What You Don’t Know About Jon Stewart

Herein lie the many fun facts within Lisa Rogak’s unfortunately titled The Angry Optimist: The Life And Times Of Jon Stewart.

Liked The Babes, Laughed At The Bigots

During his two years playing varsity soccer at William & Mary, Stewart was never at a loss for female companionship or anti-Semitic harassment. “Jon was very popular with girls and dated some very attractive women in college,” said a teammate. He went onto add that a member of an opposing team once called him a “kike,” while another made a comment about the size of his nose. Stewart responded that size had never been an issue for him, which got laughs from the crowd and defused the situation.

Bong Stewart

Stewart described his time at W&M thusly: “My college career was waking up late, memorizing someone else’s notes, doing bong hits, and going to soccer practice. A fine institution of learning, and I spent half of it bent over a little plastic tube going, ‘Turn up the jam!’”

A Toasting Before Hosting

From 1984 to 1987, Stewart bartended at legendary Trenton punk club, City Gardens, where he counted Joey Ramone as a regular and invented a drink called The Whack In The Head, which combined a Long Island Ice Tea and an Alabama Slammer. Young people are stupid.

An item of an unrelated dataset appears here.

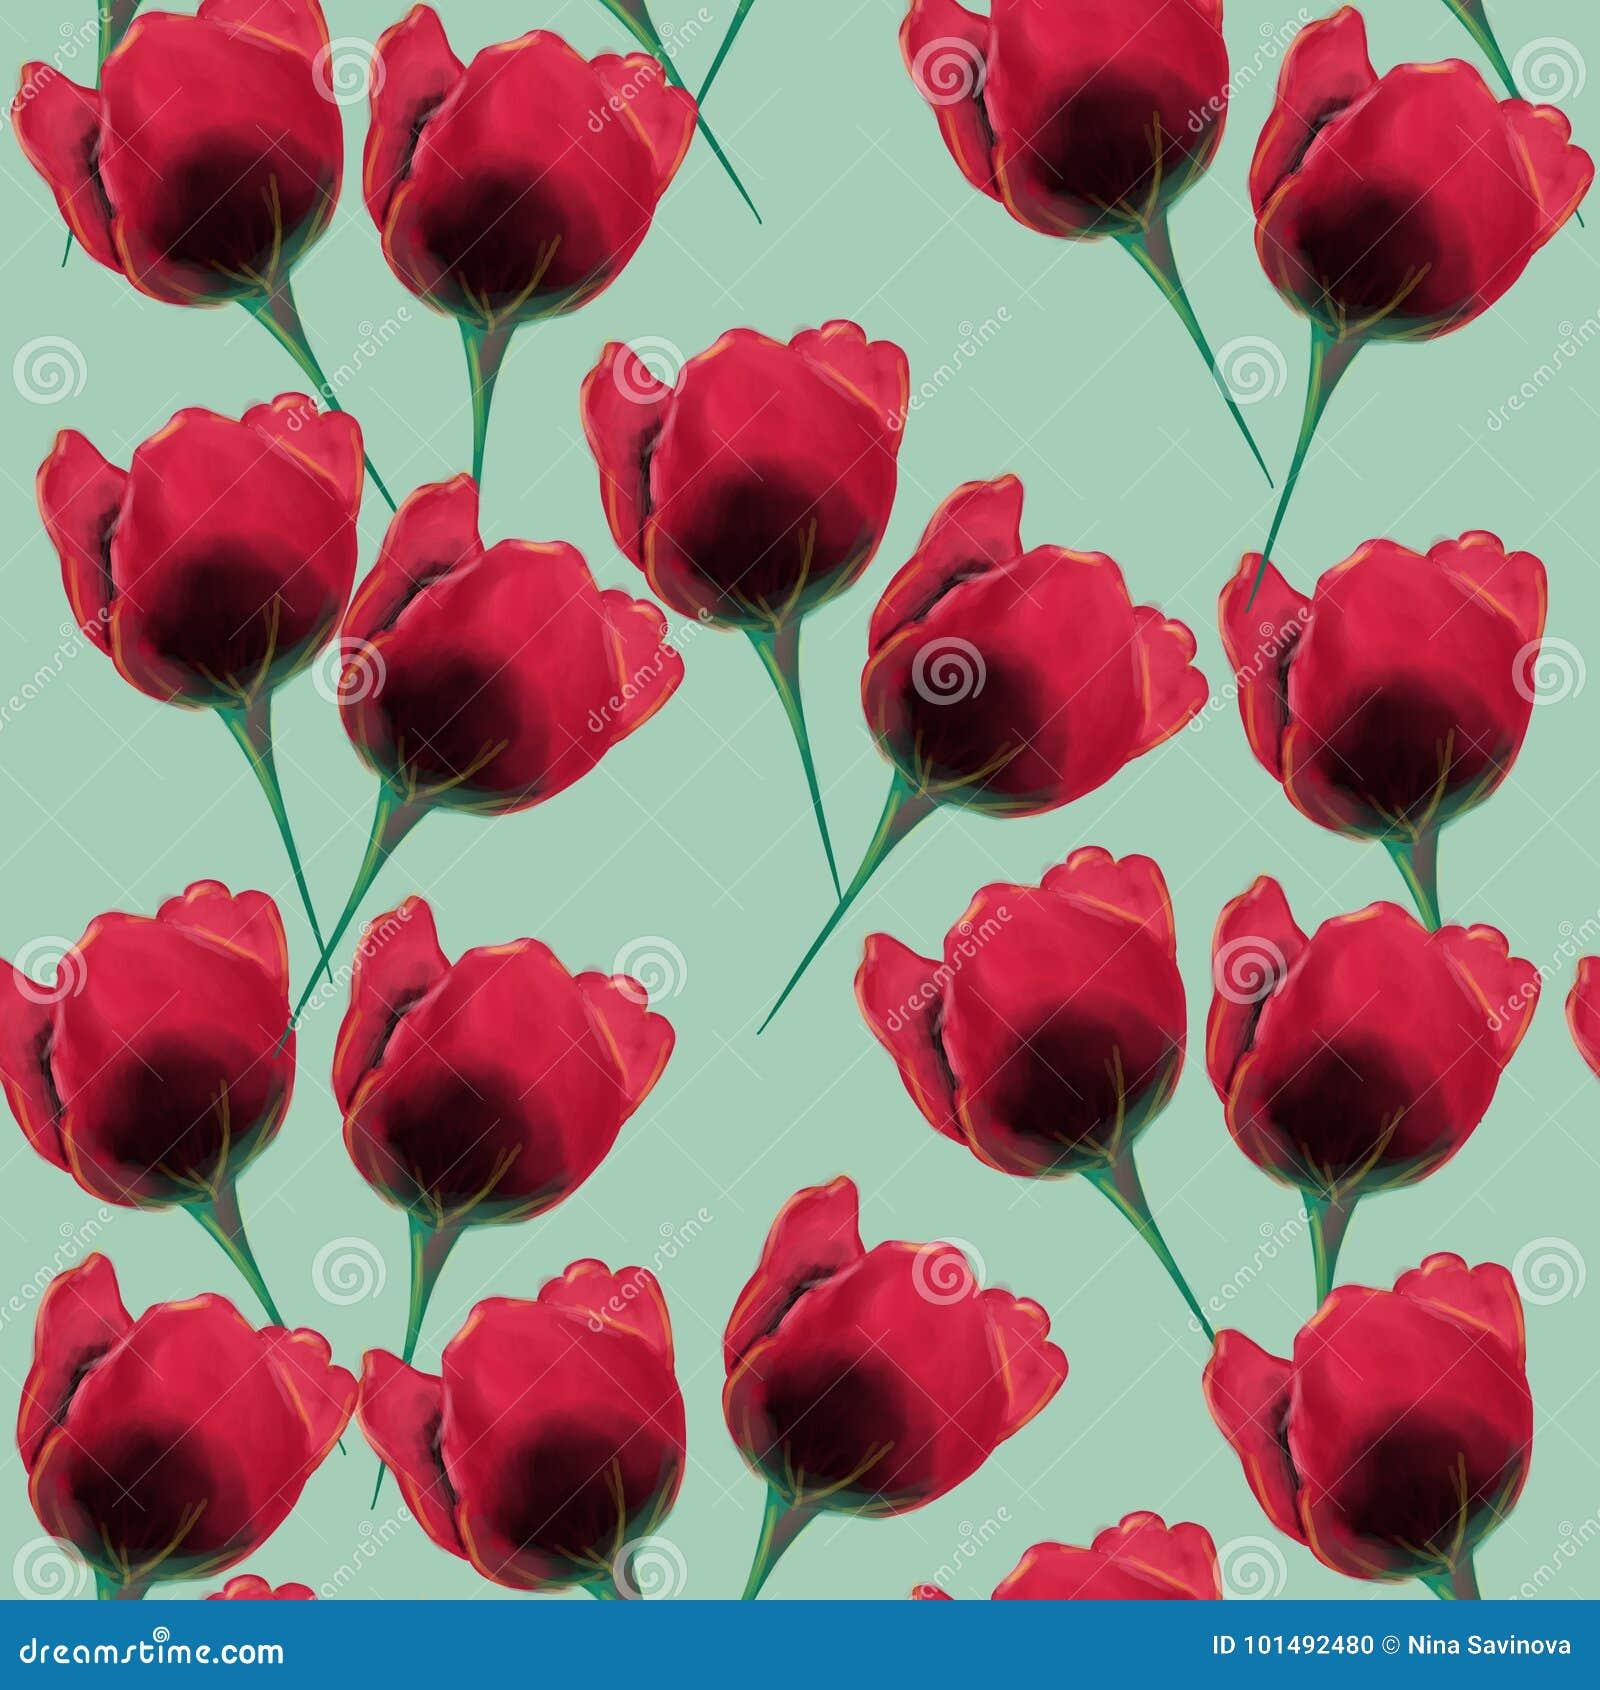 Beautiful and colorful tulpan flower seamless pattern

The Jon Stewart Show Gets Baba Booey’ed

Howard Stern was the first guest on Stewart’s 1993’s MTV talk show. Jon was a big fan and he spent hours planning responses to every possible barb. Sadly for Professor Prepared, the interview began with the following Stern summation: “I don’t know who you are and you’re going to be off the air in six weeks.”

Nobody Really Knew What To Do With Him

Before Stewart began his 15-years-to-date stint on The Daily Show, one magazine writer described him as “the celebrity equivalent of lint: he pops up in interesting and unlikely places.”

Getting Colbert To Compare

Stephen Colbert “reported” for both the Jon Stewart and Craig Kilborn incarnations of The Daily Show and the book is clear on where his loyalties lie. When pressed on what he thought of Kilborn, Colbert replied: “He was really good at treading the teleprompter.”

Stewart As Svengali

Stewart got Colbert to embrace his inner pundit: “[The show] switched from local news, summer kicker stories, and celebrity jokes, to more of a political point of view,” he said. “I didn’t enjoy political humor until I started working on it with Jon, and then I found that I had a stronger one than I had imagined.”

Tiny Man, Big Temper

Stewart often has anger issues, and the book recalls a major blow up he had with Seth MacFarlane over the Family Guy creator’s jokes about The Daily Show filming during the 2007 writers strike. He also threw a newspaper, in a fit, at staff member during a meeting. Said one anonymous former executive: “There a huge discrepancy between the Jon Stewart who goes on TV every night and the Jon Stewart who runs The Daily Show with joyless rage.” Yikes. But how do you really feel, anonymous former executive!

Sanity...Restored

In hindsight, Stewart regretted inviting Yusaf Islam (i.e. the artist formerly known as Cat Stevens) to appear at The Daily Show/Colbert Report 2010 D.C. rally to “restore sanity and/or fear” after getting an angry call from Salman Rushdie. Stewart subsequently went to Yusaf himself and asked whether the singer still agreed with the fatwa against Rushdie, which he received after writing The Satanic Verses.

After some hemming and hawing, Yusaf finally replied with, “Why do you have to insult the Prophet?” Said Stewart of the exchange: “It broke my heart…I wish I had known that, I wouldn’t have done it, because that to me is a deal breaker. Death for free speech is a deal breaker.”